Exercise objective
Copy every line from the material below that holds "with".

Data to use
○ ○ ○ ○ ○

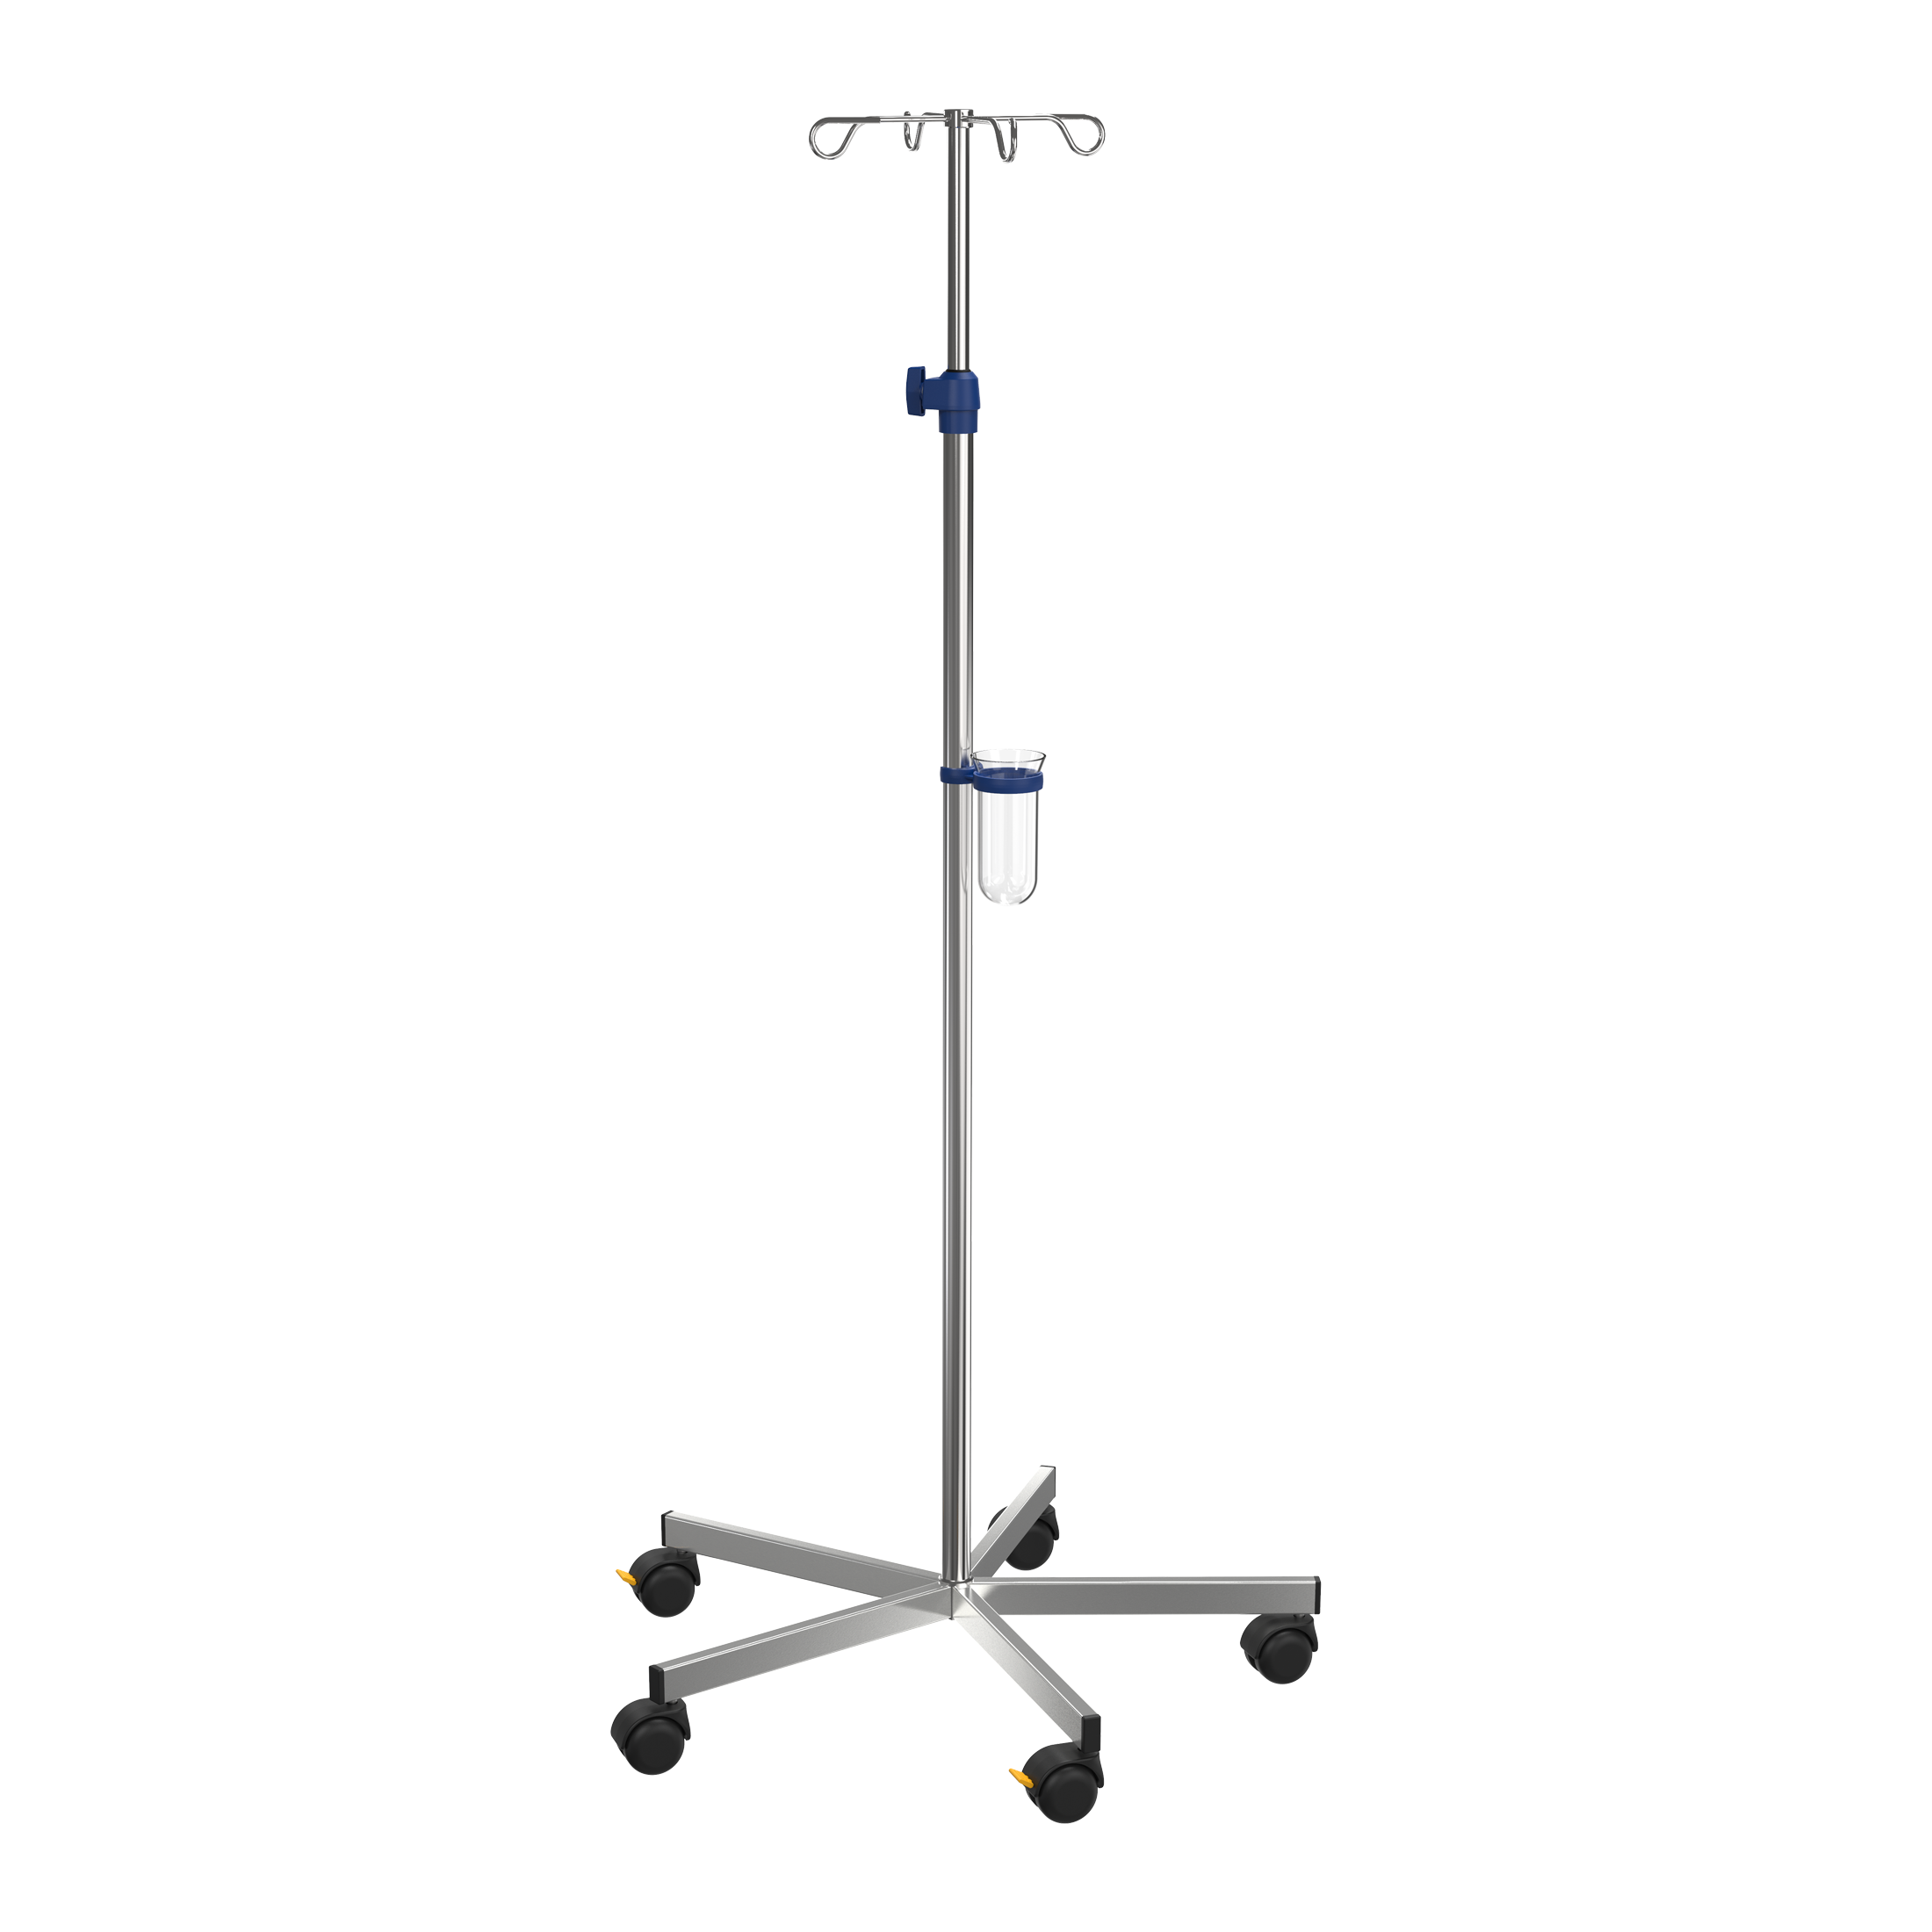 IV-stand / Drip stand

○ ○ ○ ○ ○

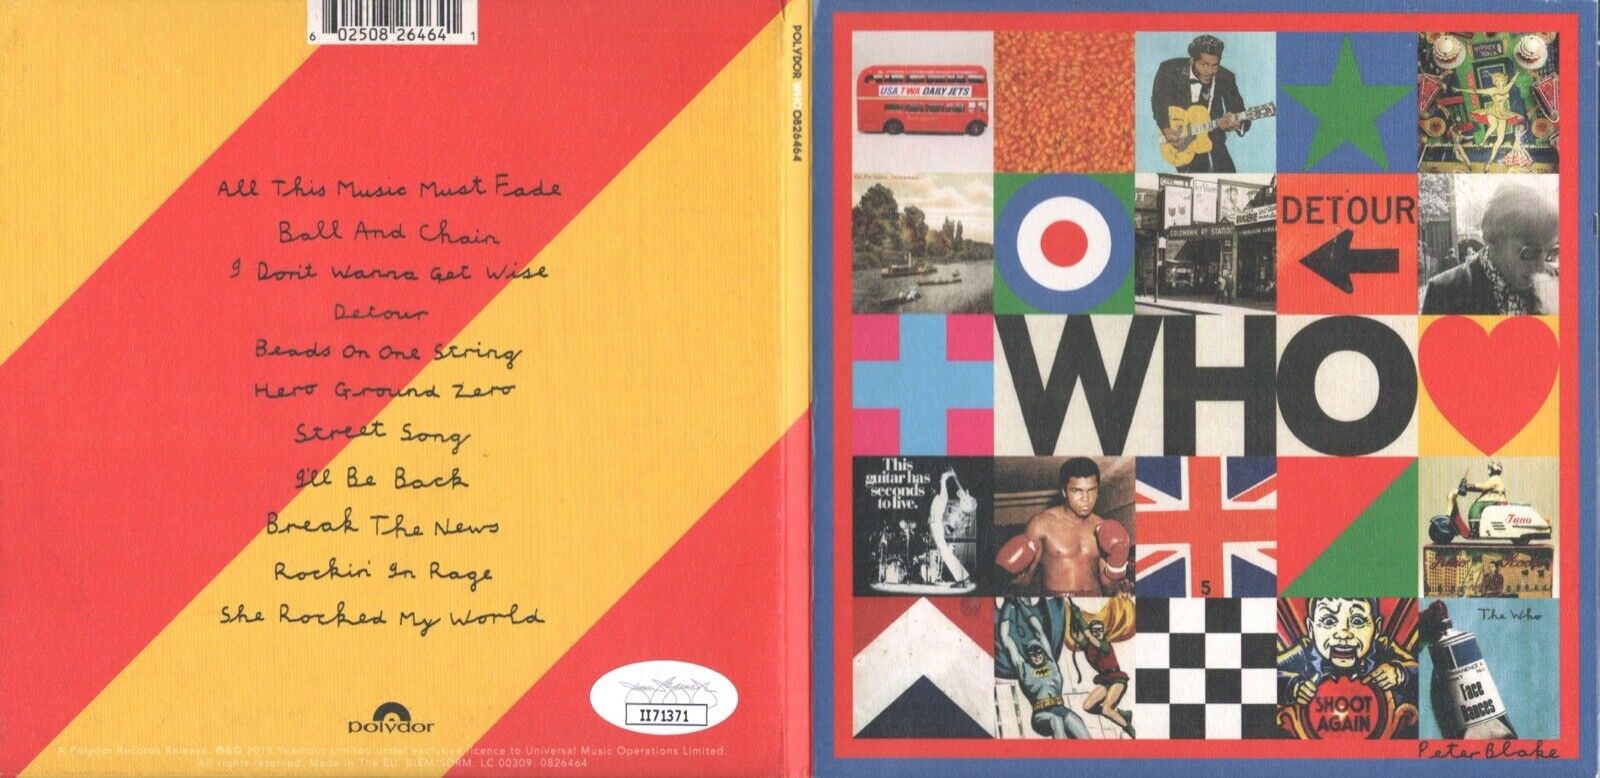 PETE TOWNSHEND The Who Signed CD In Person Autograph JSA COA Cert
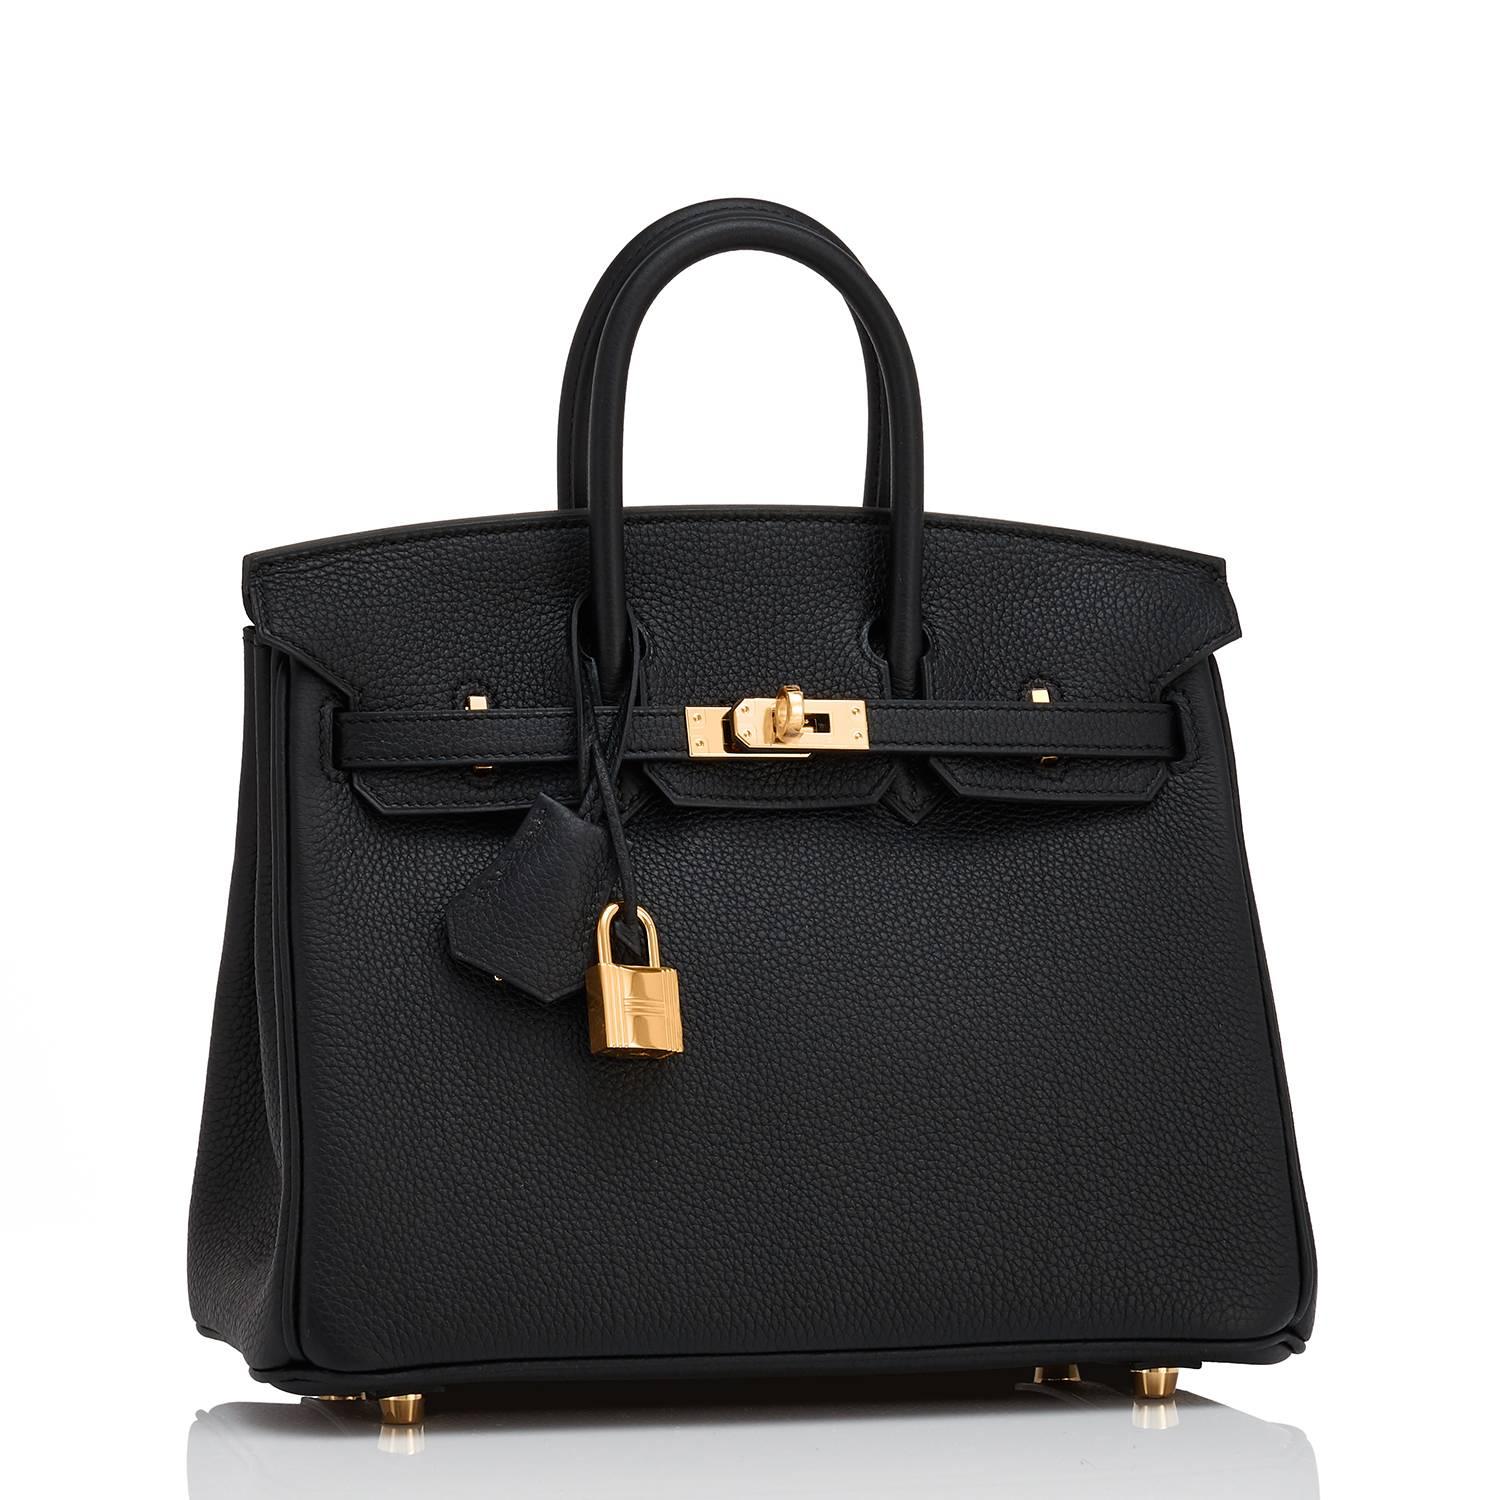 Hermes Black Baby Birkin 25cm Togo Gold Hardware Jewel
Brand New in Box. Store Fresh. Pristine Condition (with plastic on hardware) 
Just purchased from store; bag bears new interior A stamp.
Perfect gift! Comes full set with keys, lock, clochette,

○ ○ ○ ○ ○

Response
Brand New in Box. Store Fresh. Pristine Condition (with plastic on hardware) 
Perfect gift! Comes full set with keys, lock, clochette,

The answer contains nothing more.